*Data below*
****************
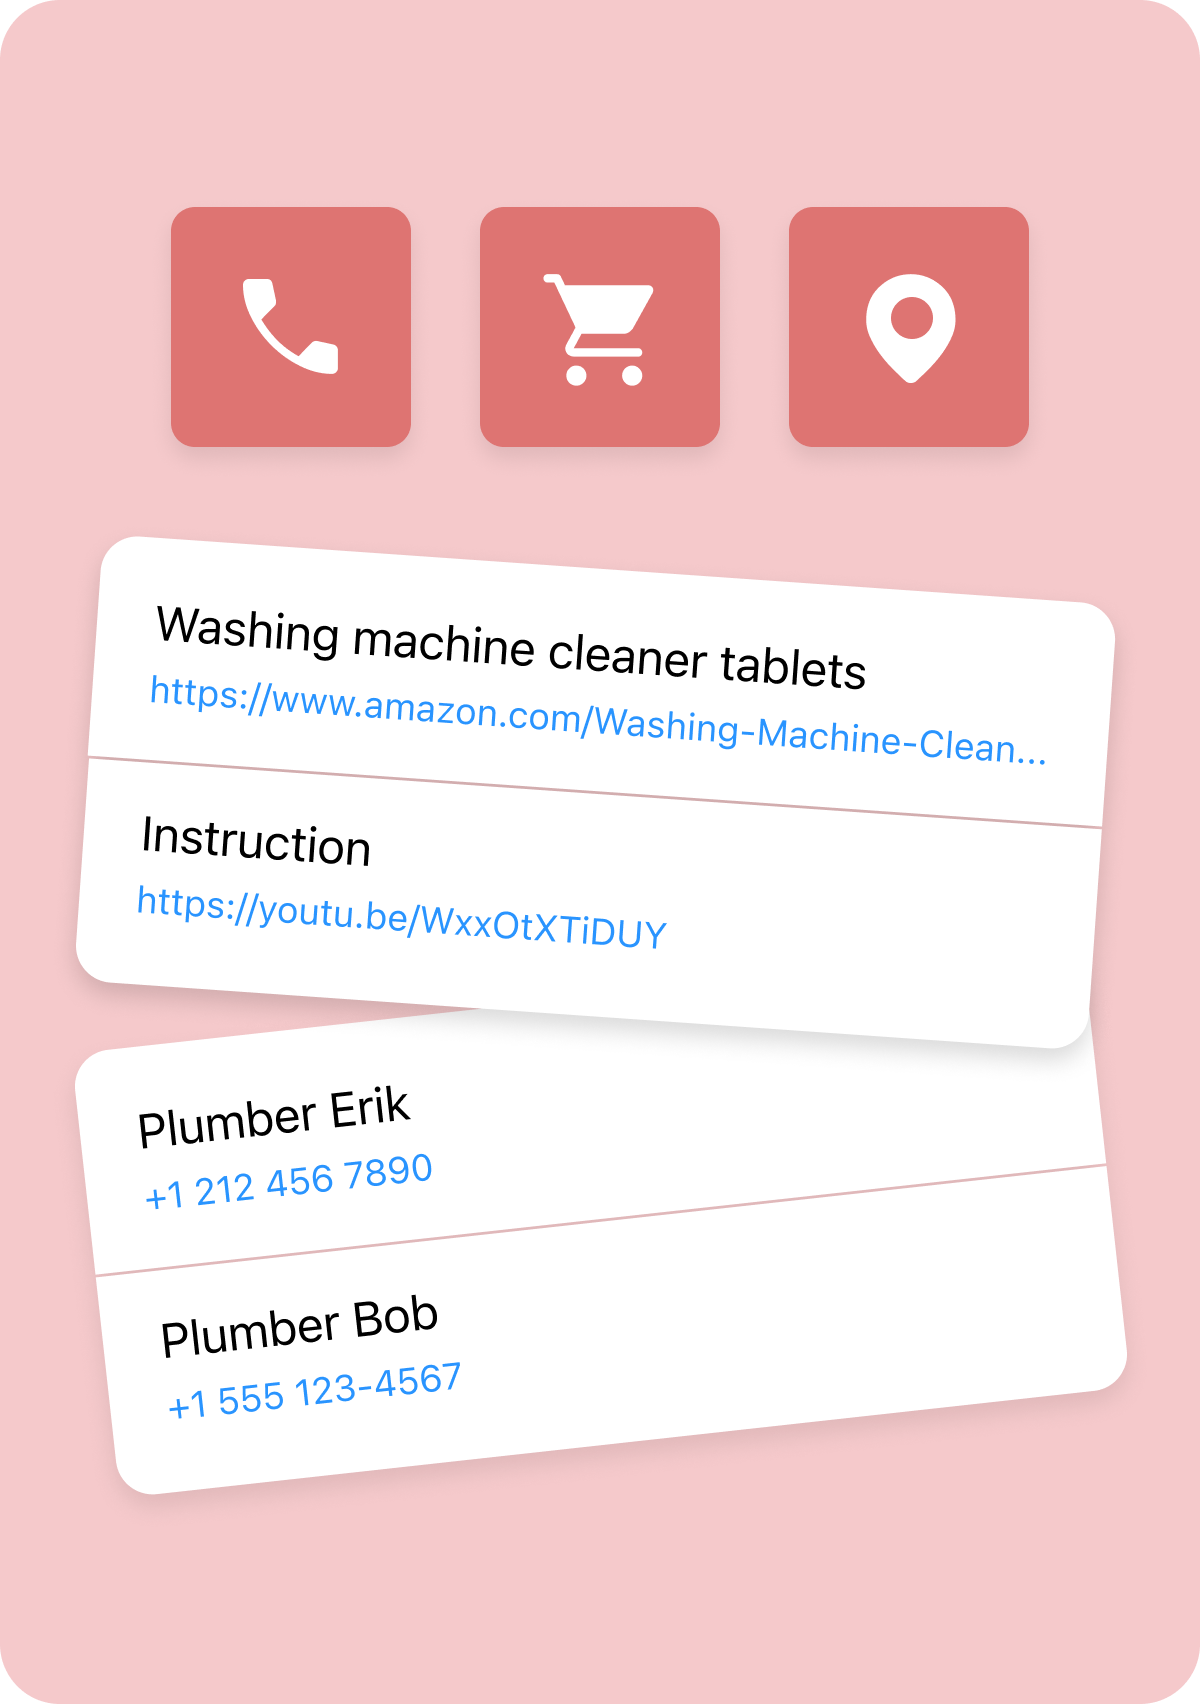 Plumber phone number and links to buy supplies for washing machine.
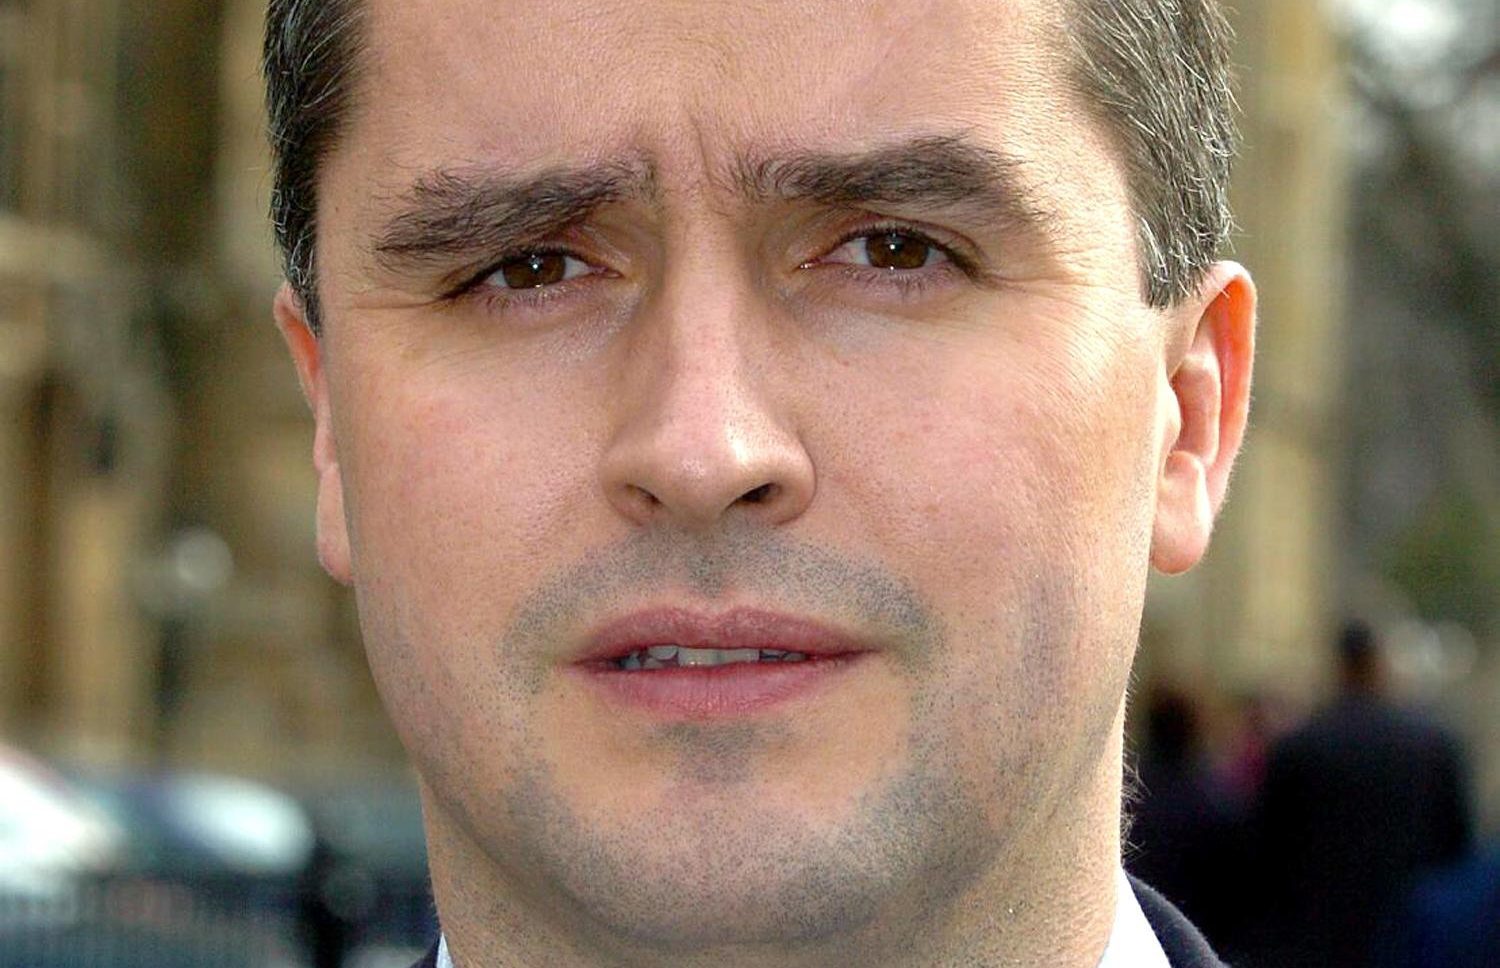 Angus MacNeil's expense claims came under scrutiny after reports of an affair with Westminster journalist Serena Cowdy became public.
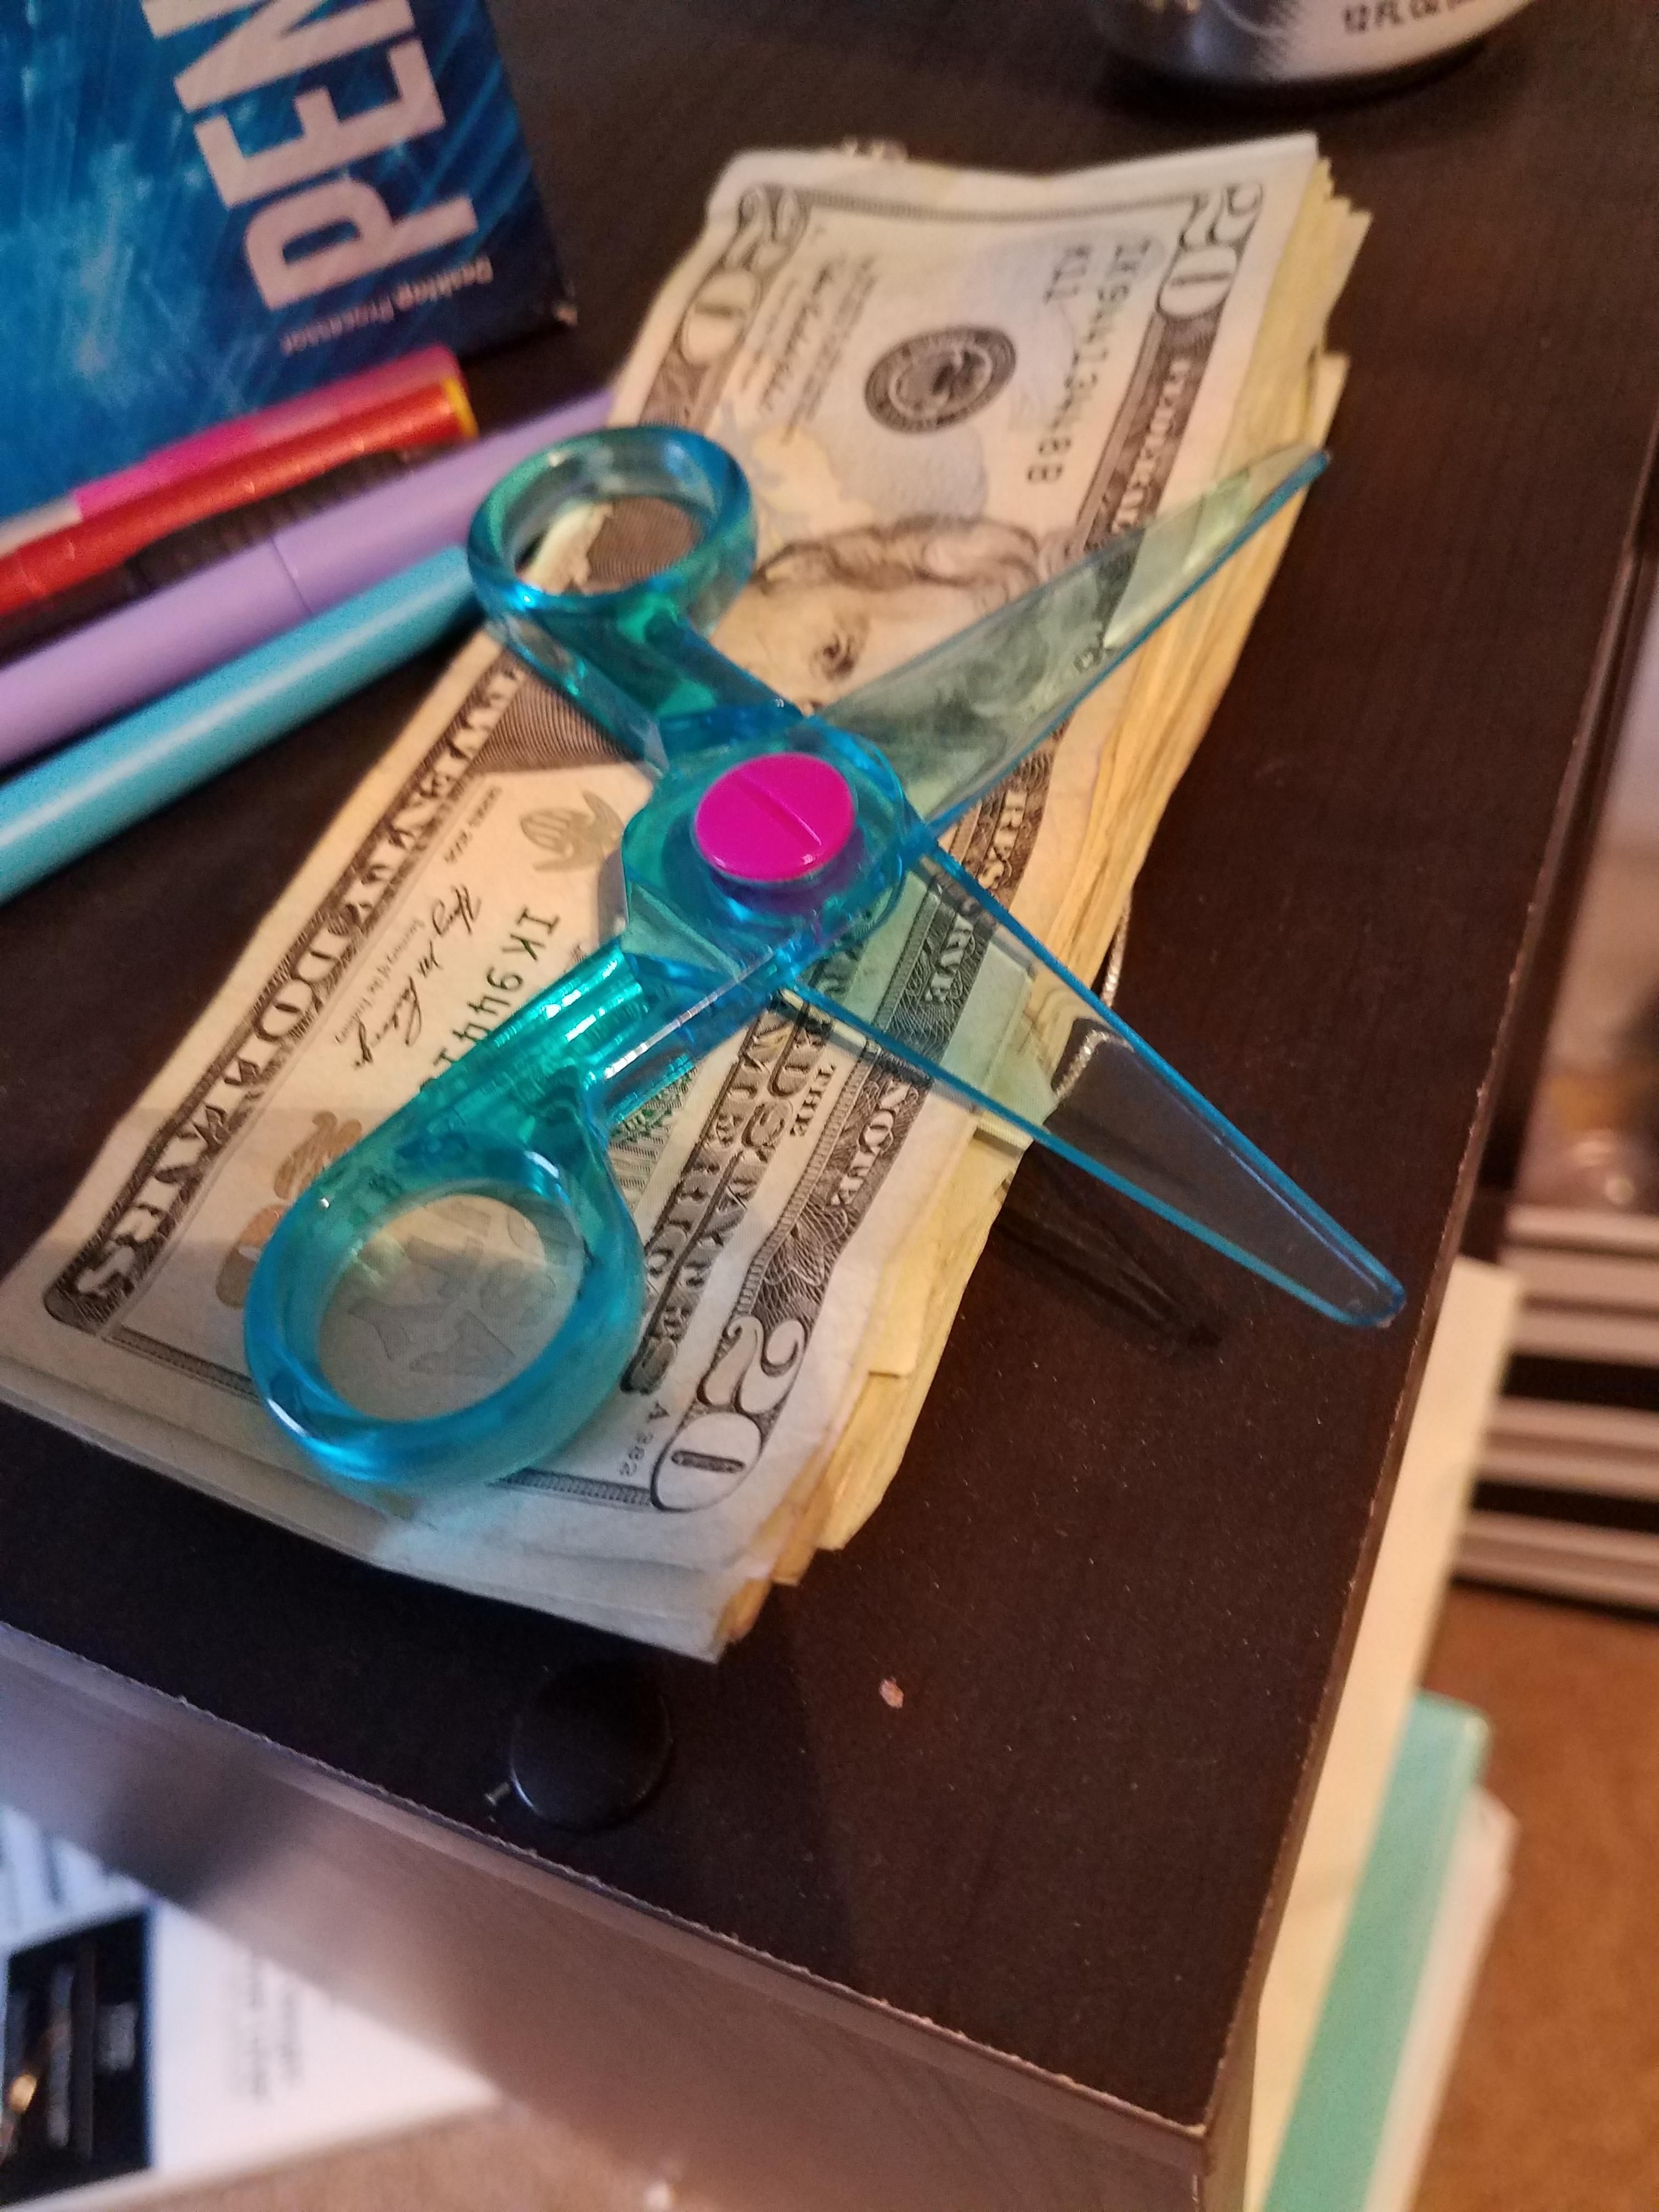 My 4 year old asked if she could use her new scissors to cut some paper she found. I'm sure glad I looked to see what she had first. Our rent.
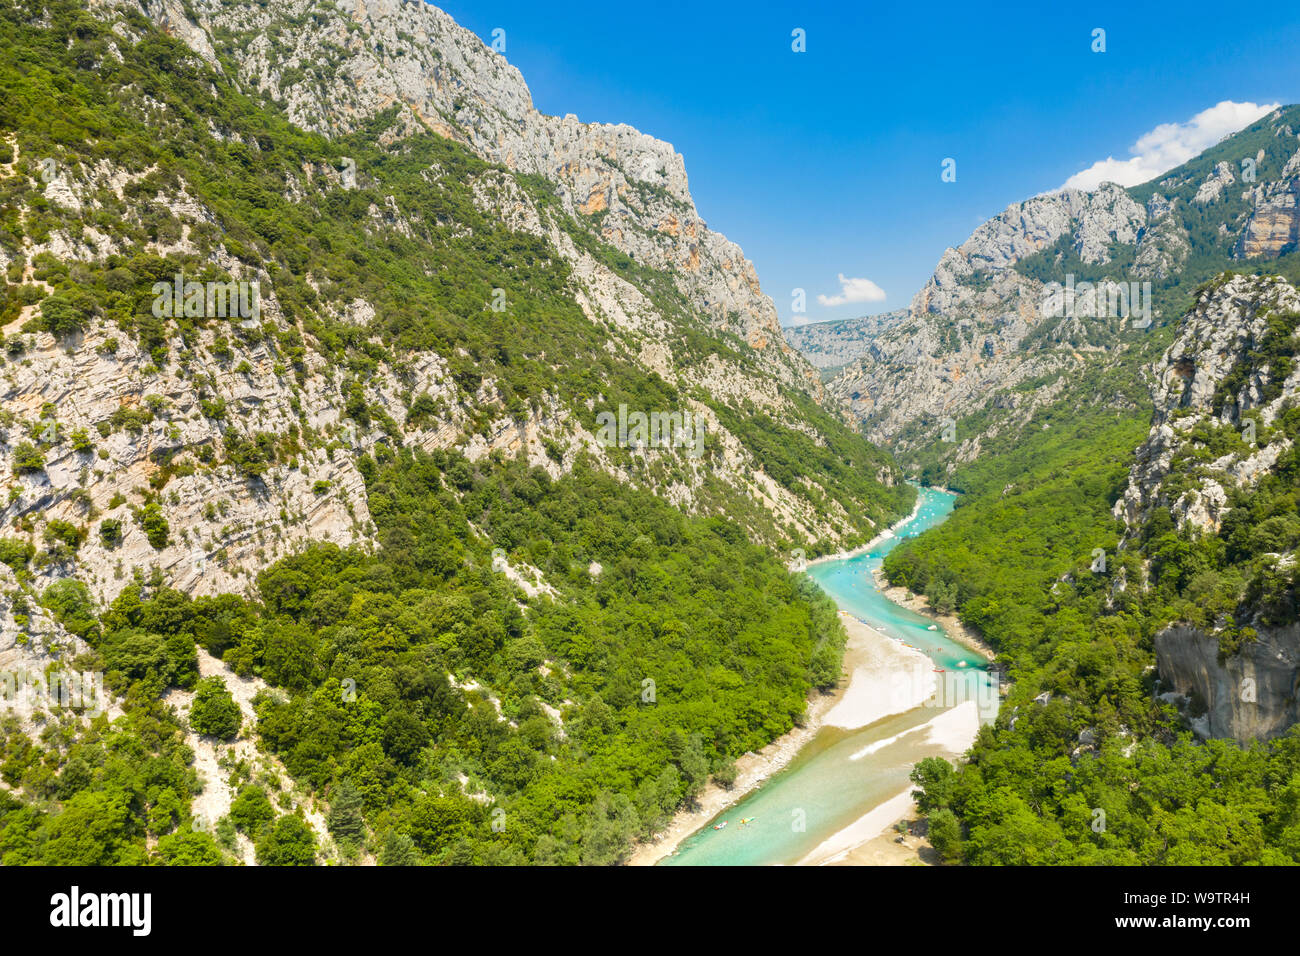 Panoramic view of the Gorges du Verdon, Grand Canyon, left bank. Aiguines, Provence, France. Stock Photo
****************
*Task requirements*
Reproduce only the lines from the beginning of the data through the line that contains "My 4 year old", both included, and please drop the pictures.

*Response to the exercise*
 Plumber phone number and links to buy supplies for washing machine.
 Angus MacNeil's expense claims came under scrutiny after reports of an affair with Westminster journalist Serena Cowdy became public.
 My 4 year old asked if she could use her new scissors to cut some paper she found. I'm sure glad I looked to see what she had first. Our rent.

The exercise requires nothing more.